» **Your instructions**
All of the data is to be written out again exactly, without the pictures.

» **Given data**
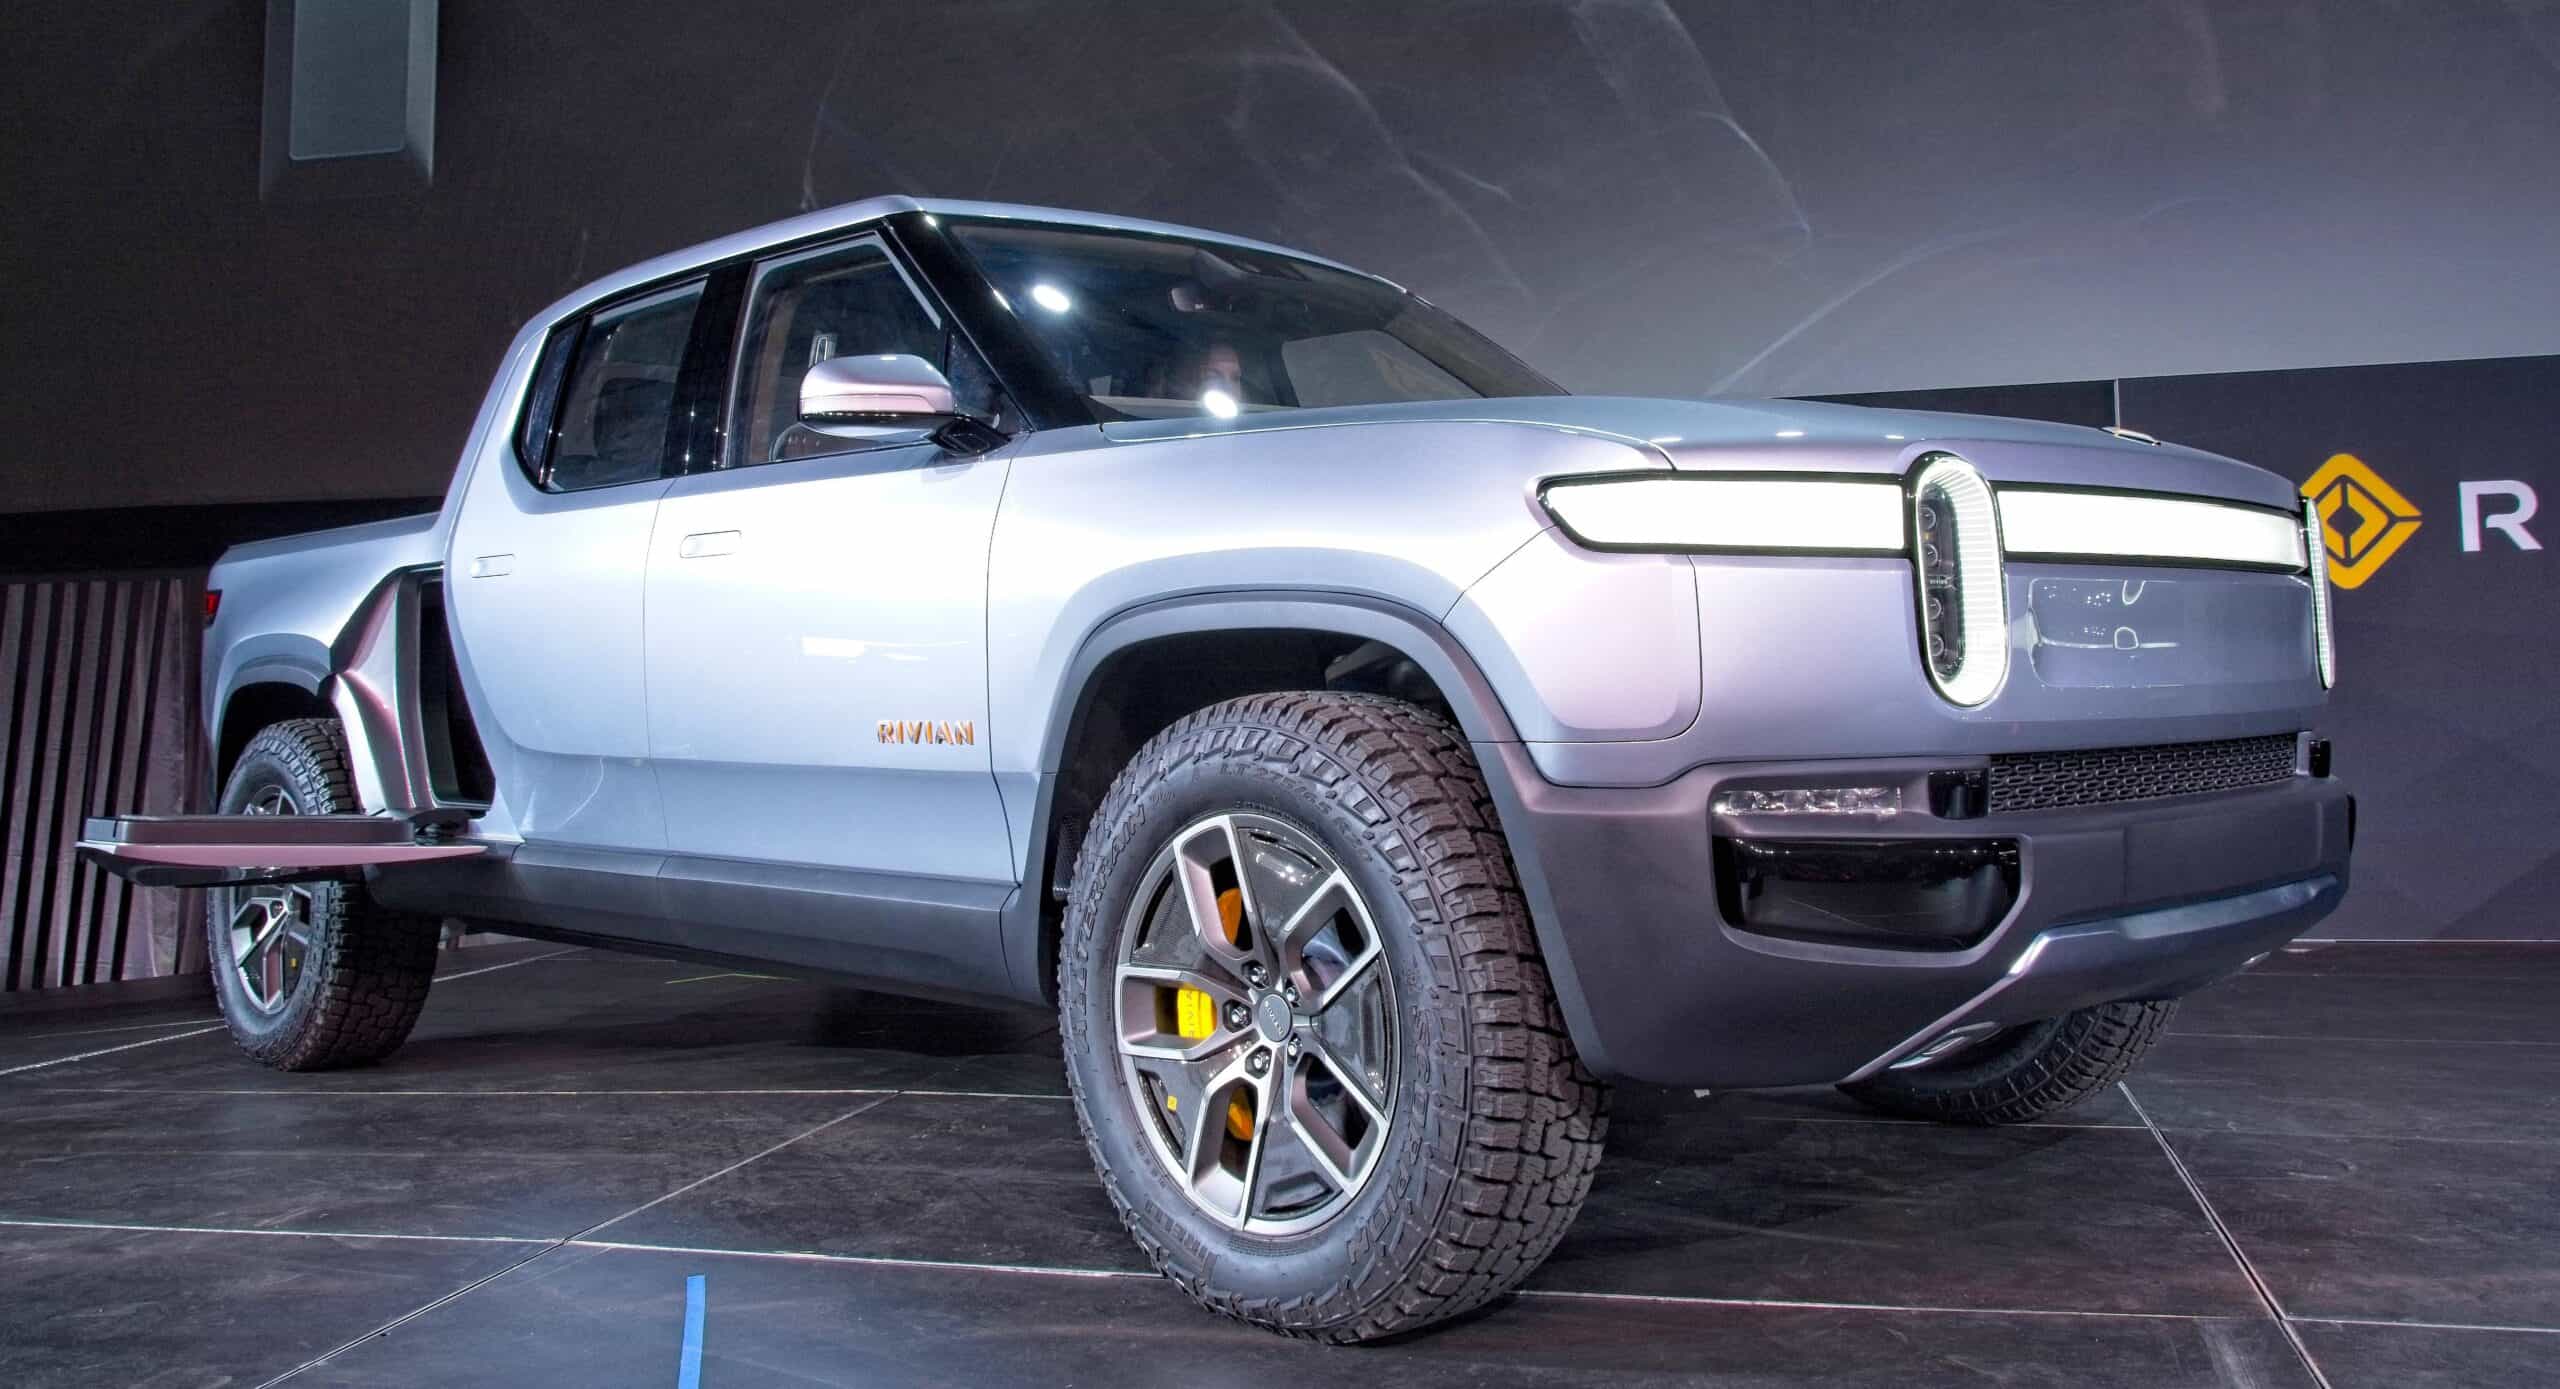 Rivian+R1T | Debut of the Rivian R1T pickup at the 2018 Los Angeles Auto Show, November 27, 2018
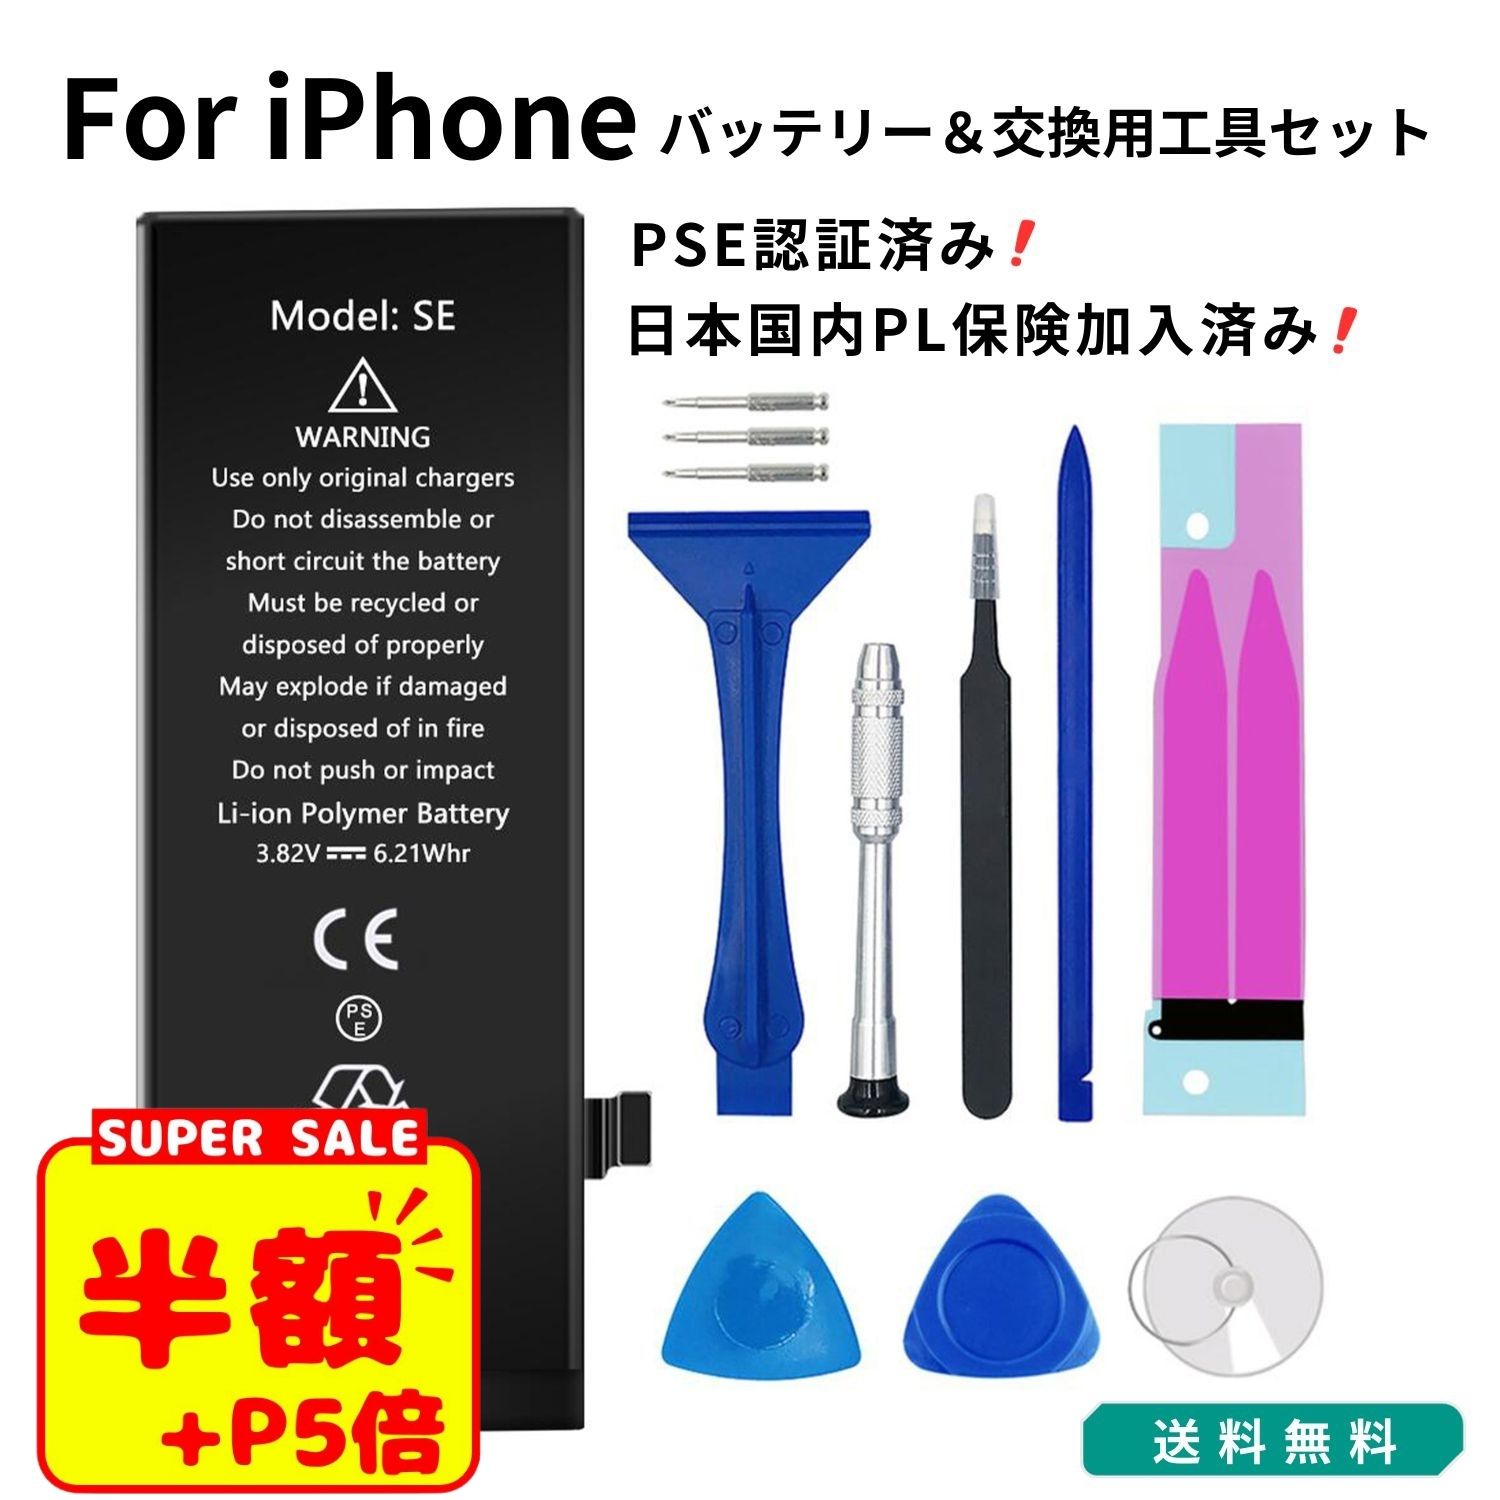 iphone バッテリー 交換キット 互換バッテリー 電池交換 30日間保証 iphone5 iphone5c iphone5s iphone6 iphone6s iphone6p iphone6sp iphone7 iphone7p iphone8 iphone8p iphoneSE iphoneSE2 iphoneX 送料無料 JH
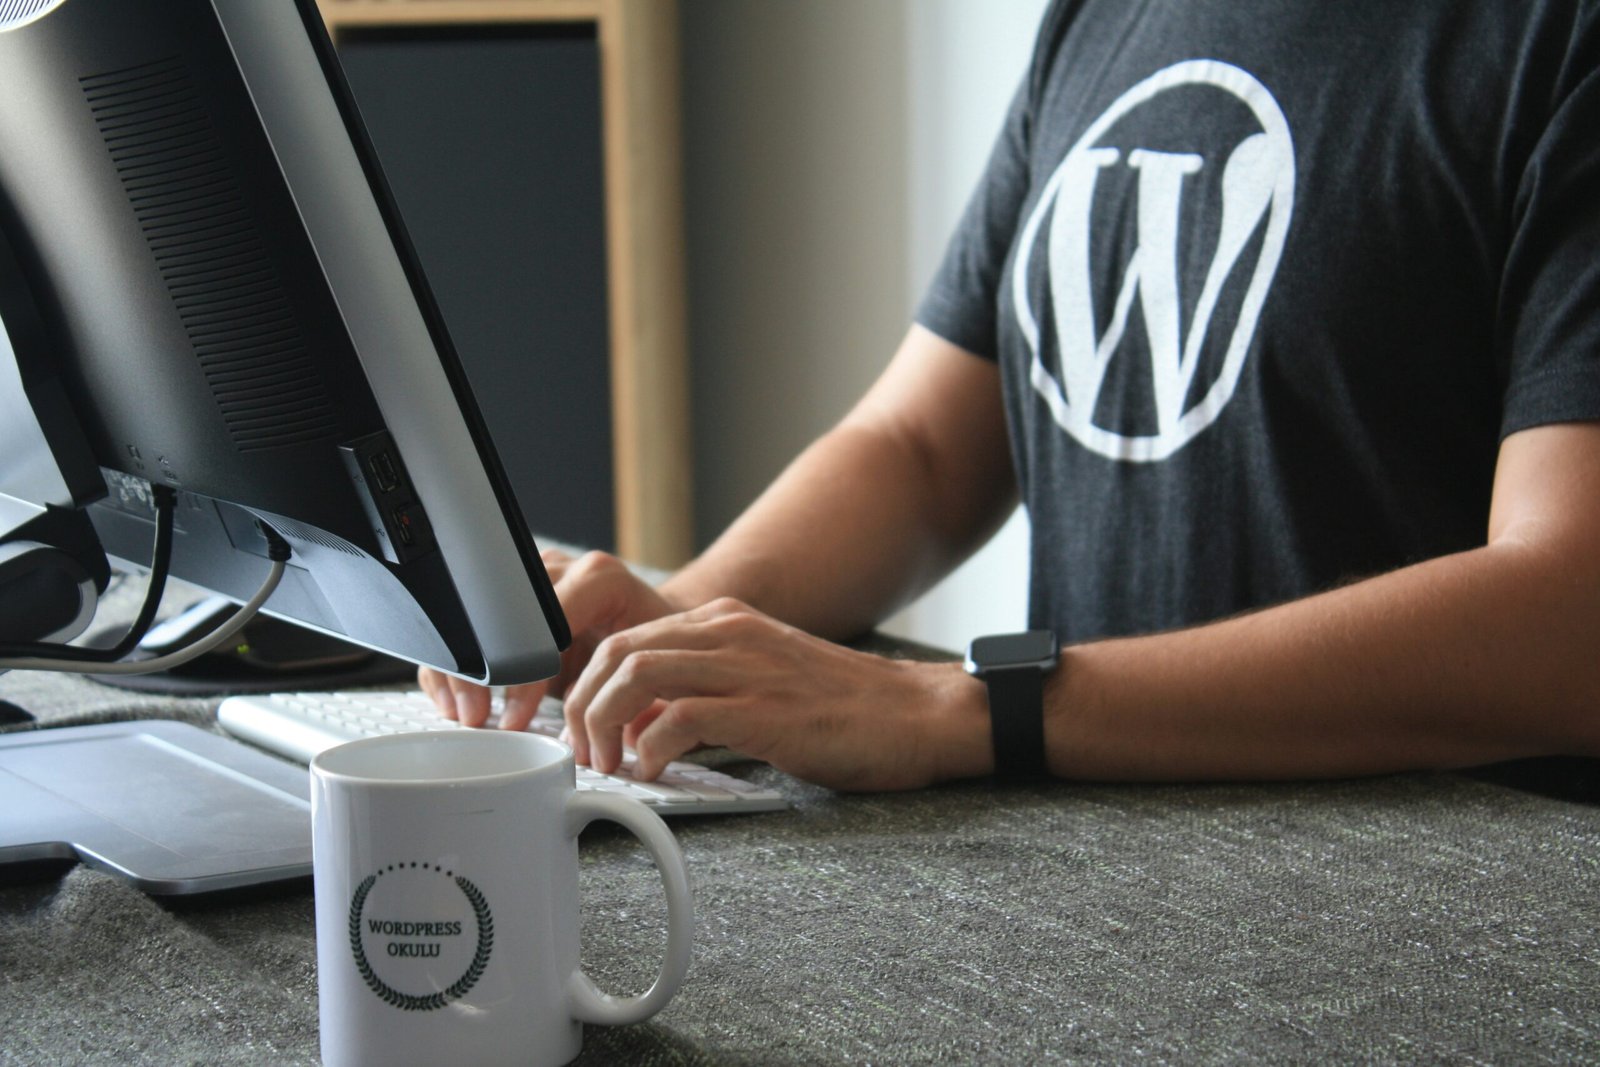 Grow your Business with WordPress: A Simple Guide

» **Written answer**
 Rivian+R1T | Debut of the Rivian R1T pickup at the 2018 Los Angeles Auto Show, November 27, 2018
 iphone バッテリー 交換キット 互換バッテリー 電池交換 30日間保証 iphone5 iphone5c iphone5s iphone6 iphone6s iphone6p iphone6sp iphone7 iphone7p iphone8 iphone8p iphoneSE iphoneSE2 iphoneX 送料無料 JH
 Grow your Business with WordPress: A Simple Guide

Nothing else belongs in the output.